### GOAL OF THE EXERCISE:
Copy out the data exactly as it appears, without a single image.

### DATA BELOW:
########
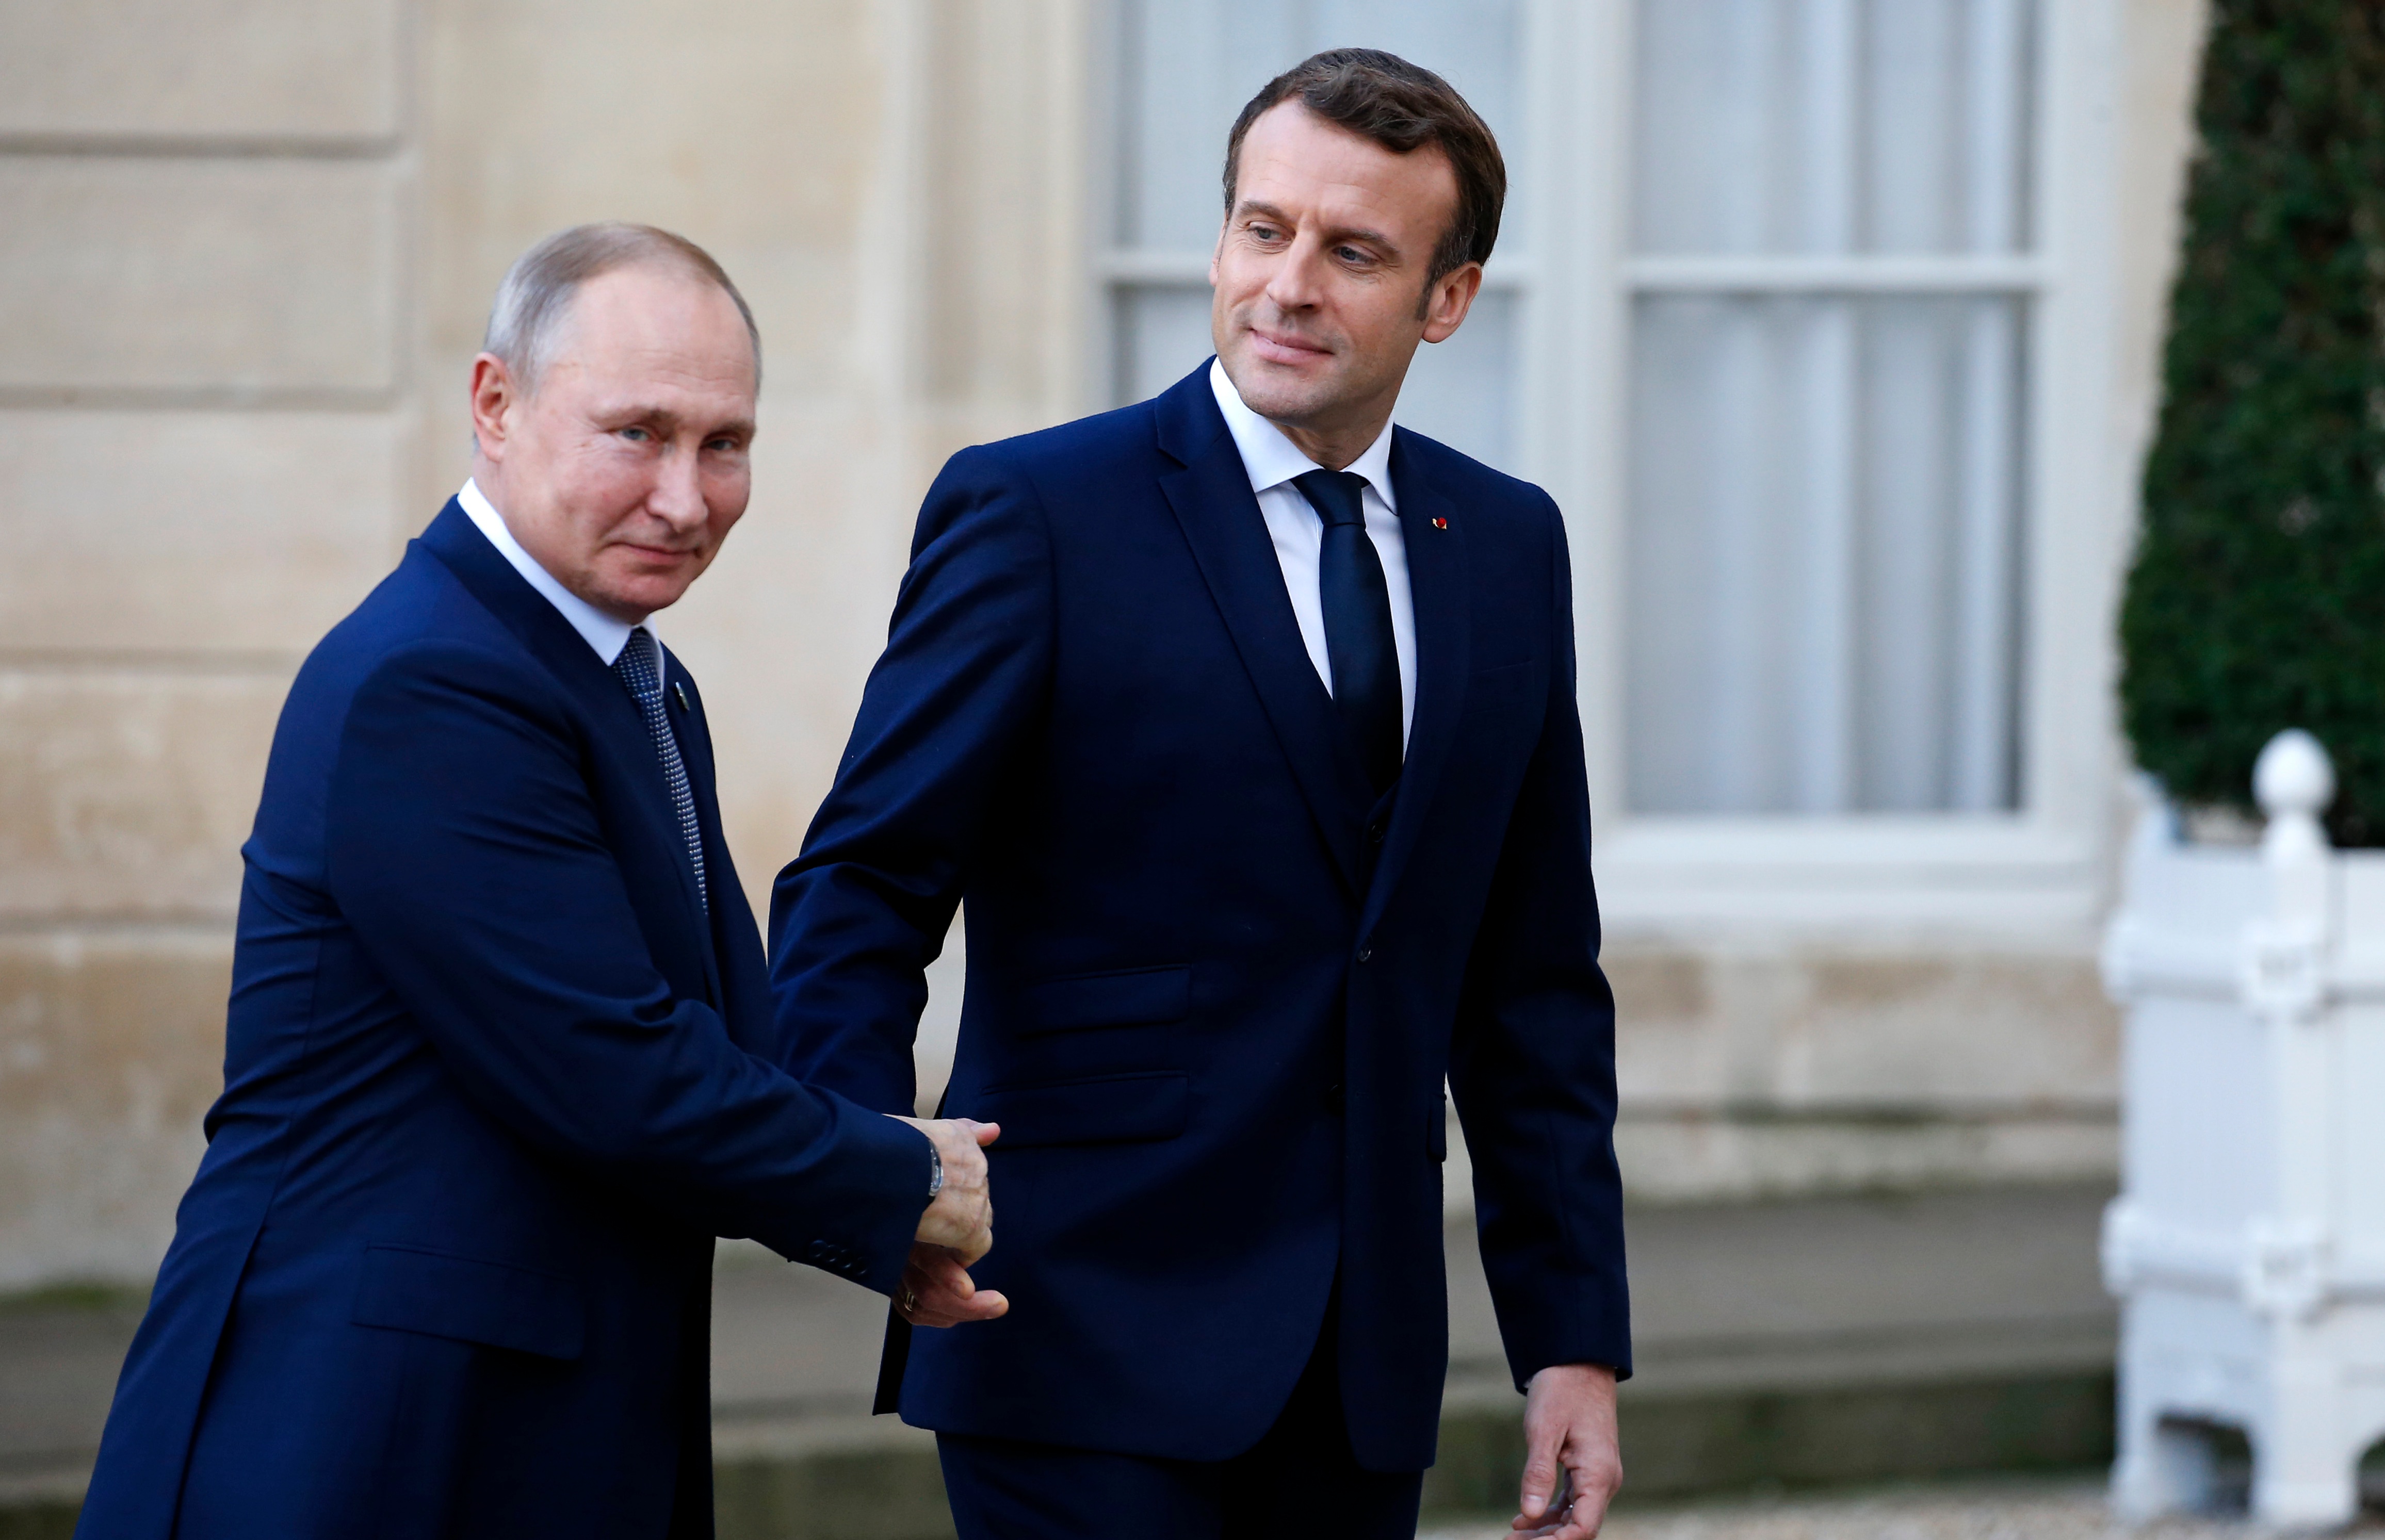 Владимир Путин и Эммануэль Макрон в Елисейском дворце, 2019
&nbsp;
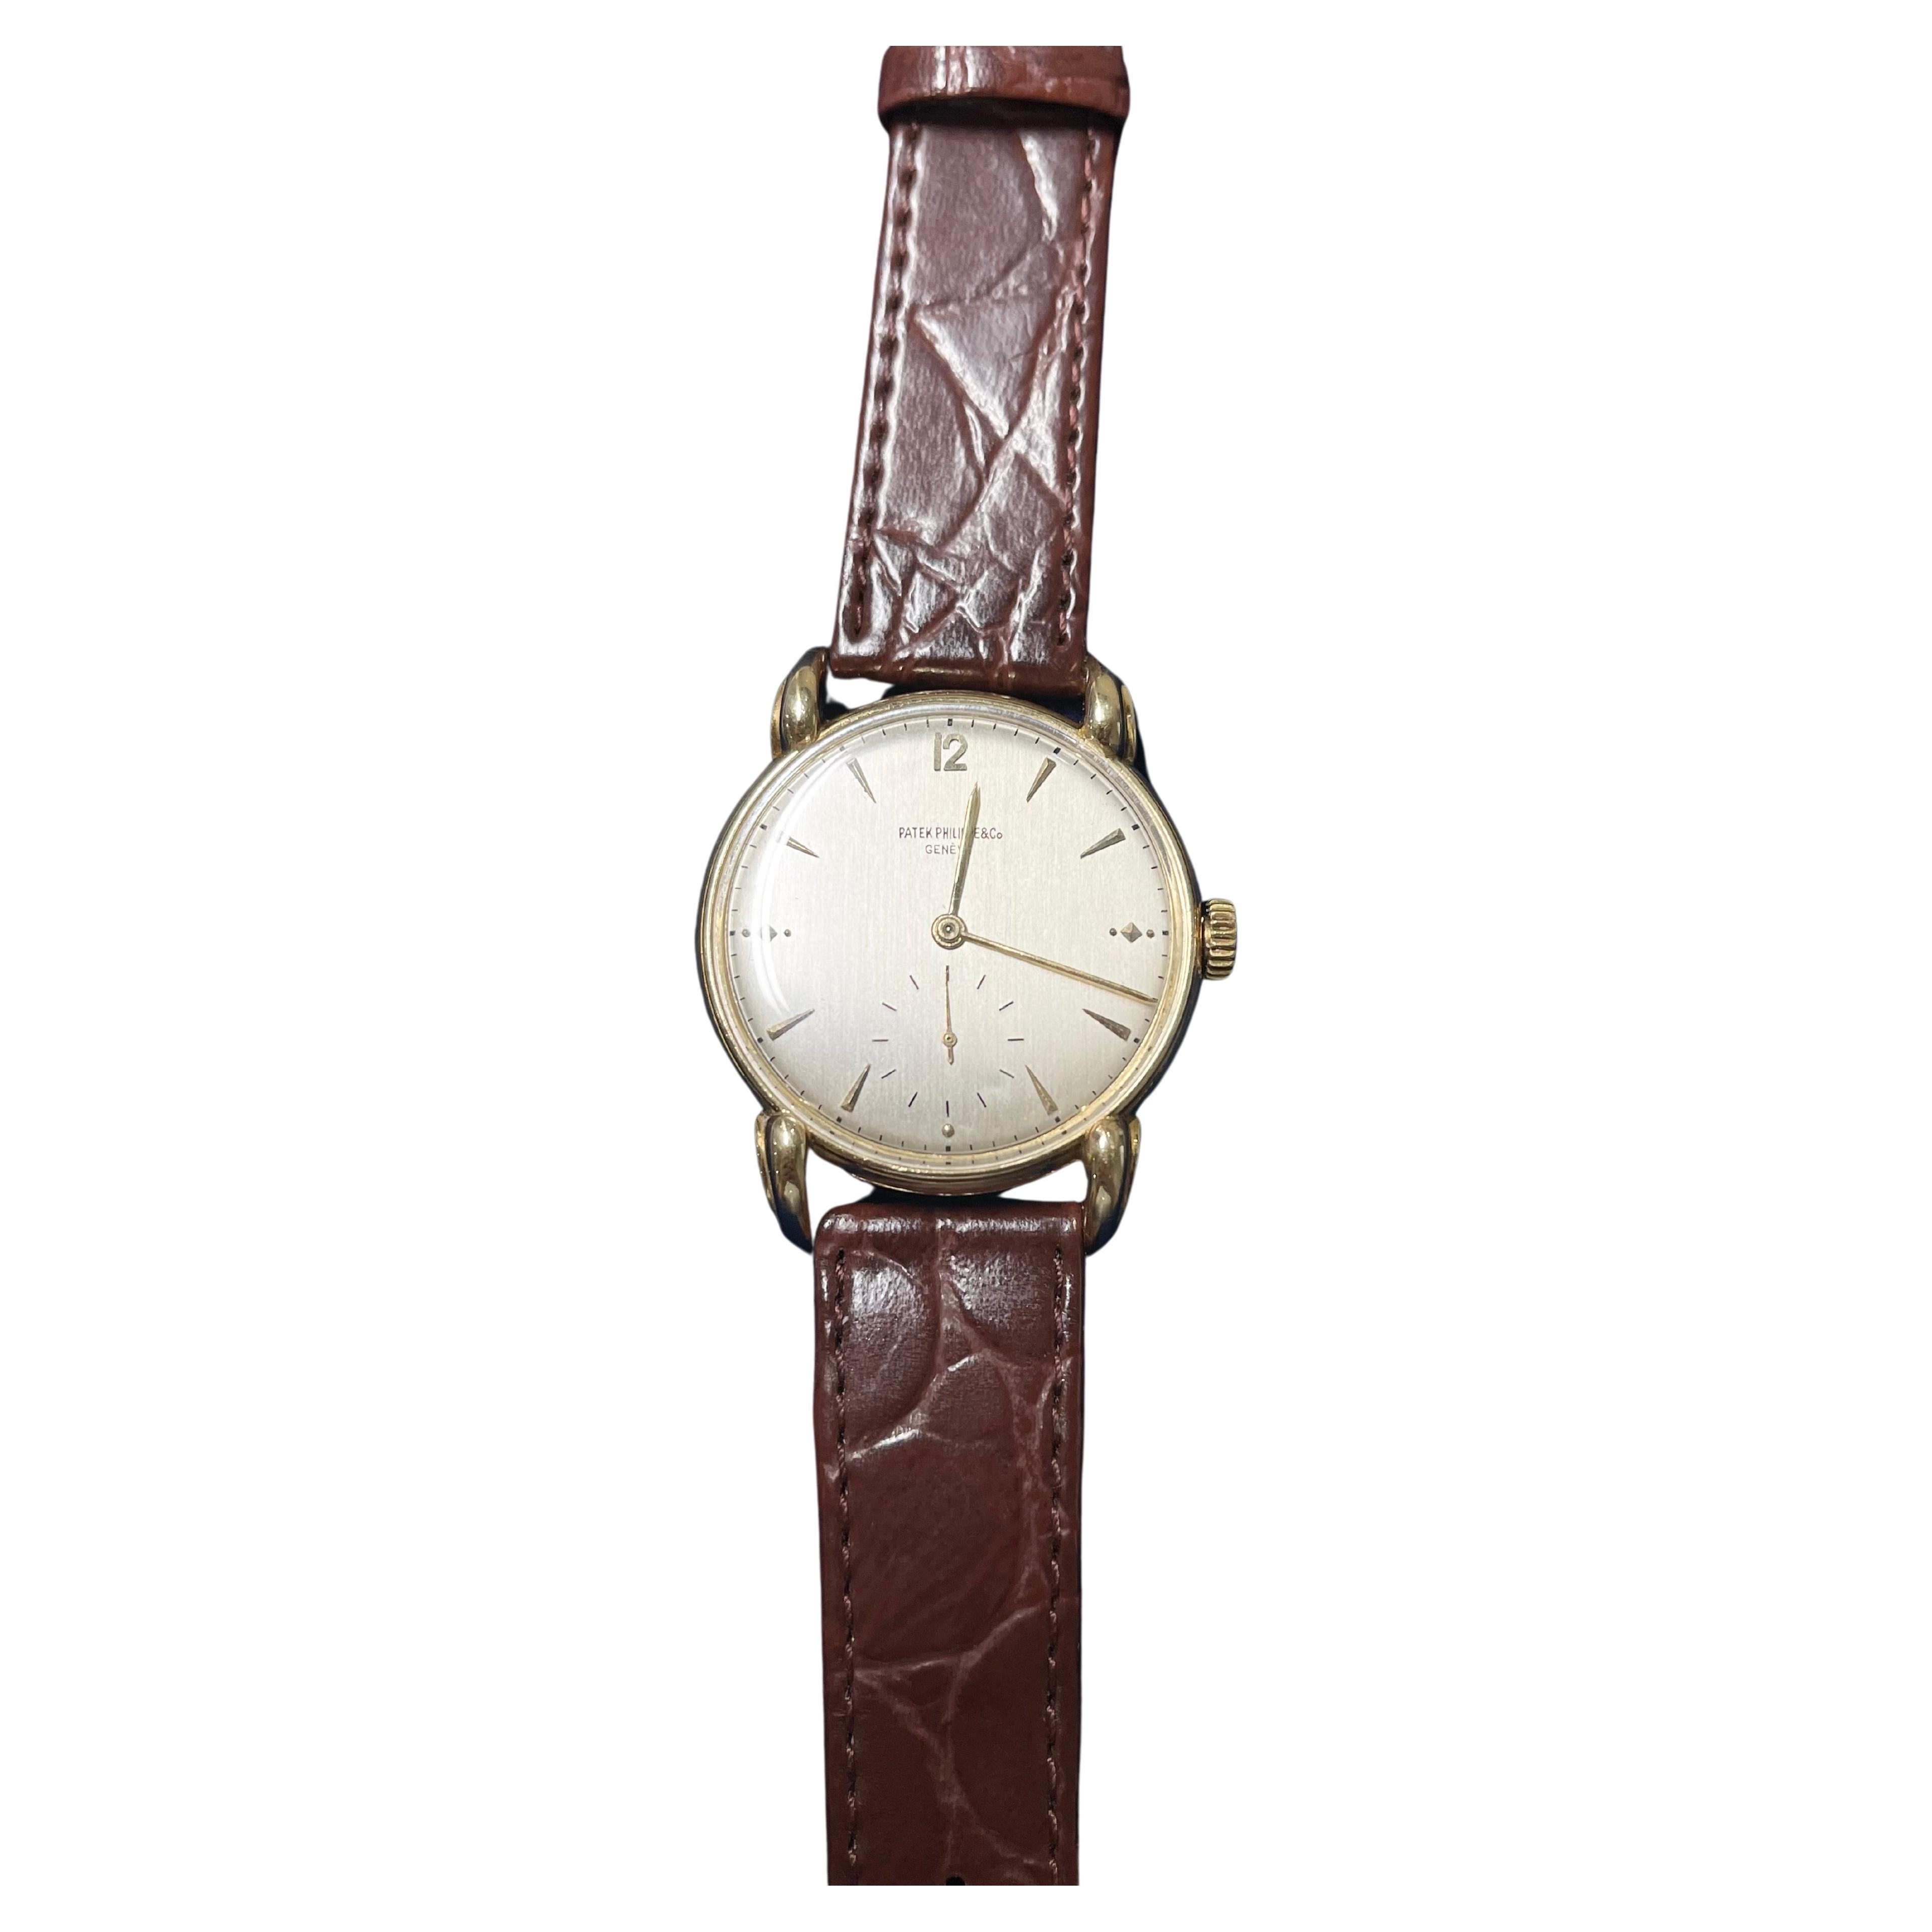 Patek Philippe Handgeschriebene Vintage-Uhr Ref. 1590 18k YG .750
########
### WRITTEN RESPONSE:
 Владимир Путин и Эммануэль Макрон в Елисейском дворце, 2019
&nbsp;
 Patek Philippe Handgeschriebene Vintage-Uhr Ref. 1590 18k YG .750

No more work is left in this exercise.